もともと少人数だった当時の音楽隊にホルンが4本も入っていることは異例であったと思われる。だがこのような曲がハイドンの交響曲には3つある。第13番ニ長調、第31番ニ長調「ホルン信号」、それにこの第72番ニ長調である。すべてニ長調なのはホルンが引きやすいからなのかも知れないが、よくわからない。
この3つの交響曲はだいたい同じ時期に作曲されたと考えるのが普通だろう。

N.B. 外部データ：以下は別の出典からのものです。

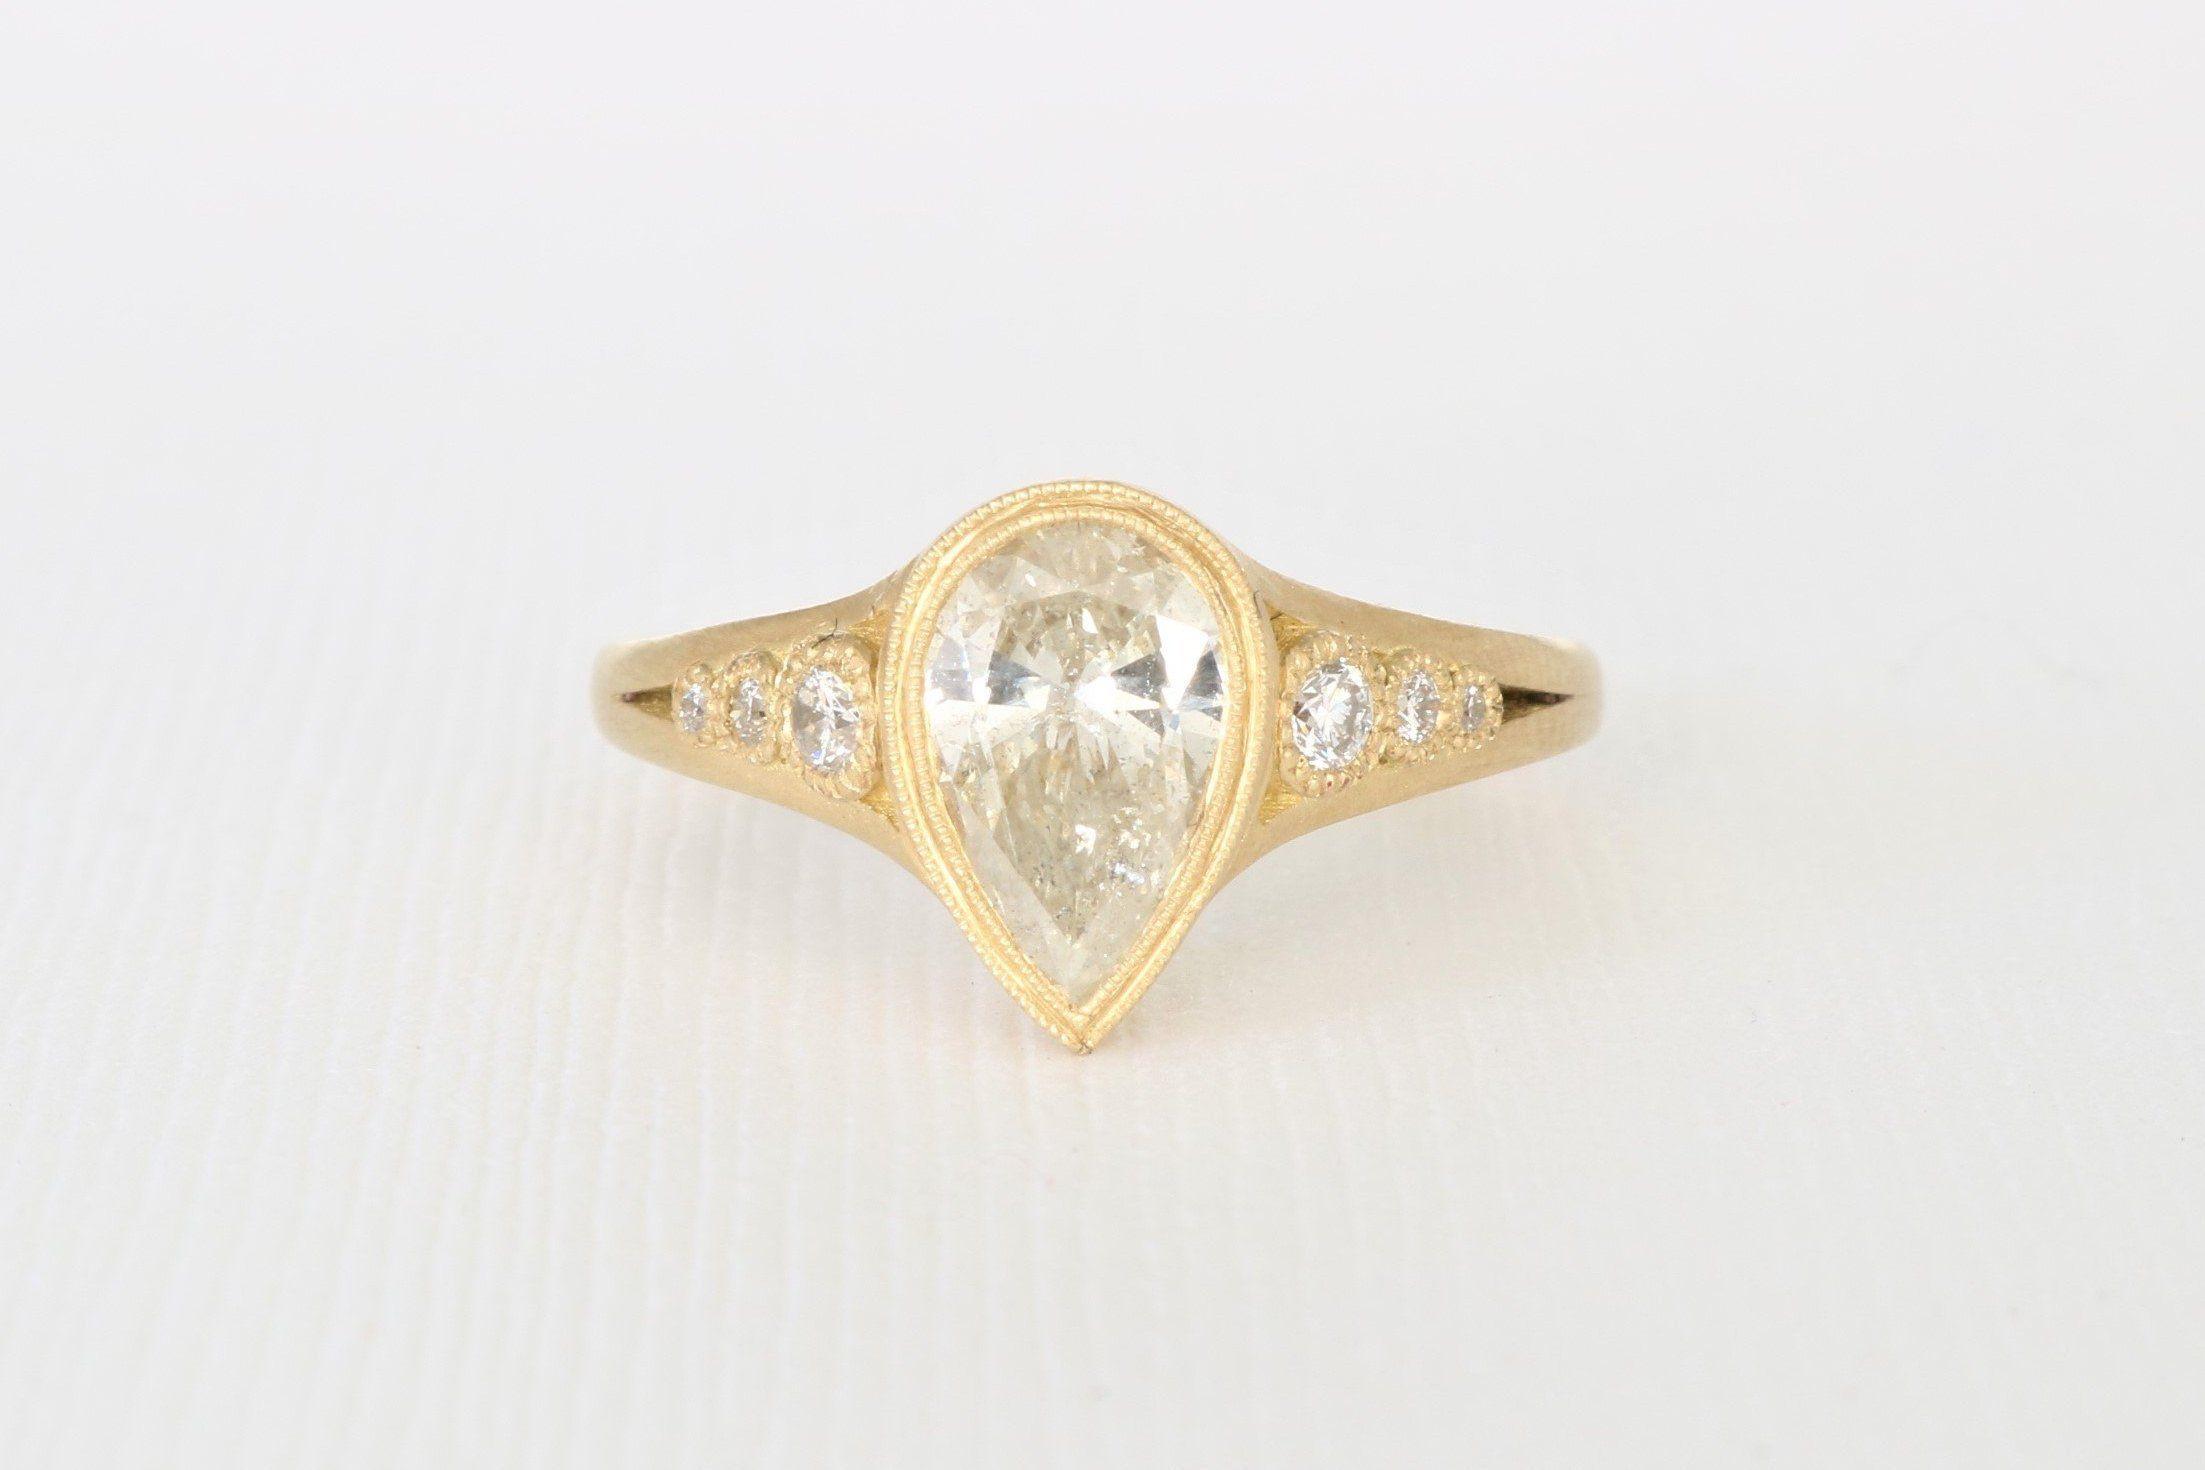 Hand milgrained pear cut diamond bezel ring in k yellow gold

さらには作風の観点からも類似点が多く、この72番は他の2曲と同様、1960年代前半の作曲と今では考えられているようだ。これまで70番代の交響曲はすべて1770年台後半の曲だったから、10年以上も遡ることになり、順を追って聞いてきた聞き手を混乱させる。が、このようなイレギュラーは、これまでにはしばしばあったが、いよいよこの72番が最後である。
第1楽章のティンパニの強打で始まる冒頭は、なぜかプロコフィエフの「古典交響曲」を思い起こさせた。威勢のいい第1楽章は全体の中でもっとも素晴らしい。これに対して第2楽章は、フルートとソロ・ヴァイオリンの掛け合いが続く静かな曲である。
第3楽章は続く第4楽章よりも派手でホルンも活躍するが、第4楽章はそれまでの曲よりも俄然長く、延々とアンダンテが続く。ここは変奏曲ということになっているが、丸でダンスを踊っているようだ。コントラバスなどが活躍して、特徴的ではある。コーダの部分では再び威勢がよくなって、わずか30秒そこそこで終わる。アダム・フィッシャーの演奏は、きびきびして良い出来栄えである。もしかしたらこの曲は、この演奏がナンバー・ワンではないかと思われたが、他の演奏を丸で聞いていないので、それ以上のことは何も言えない。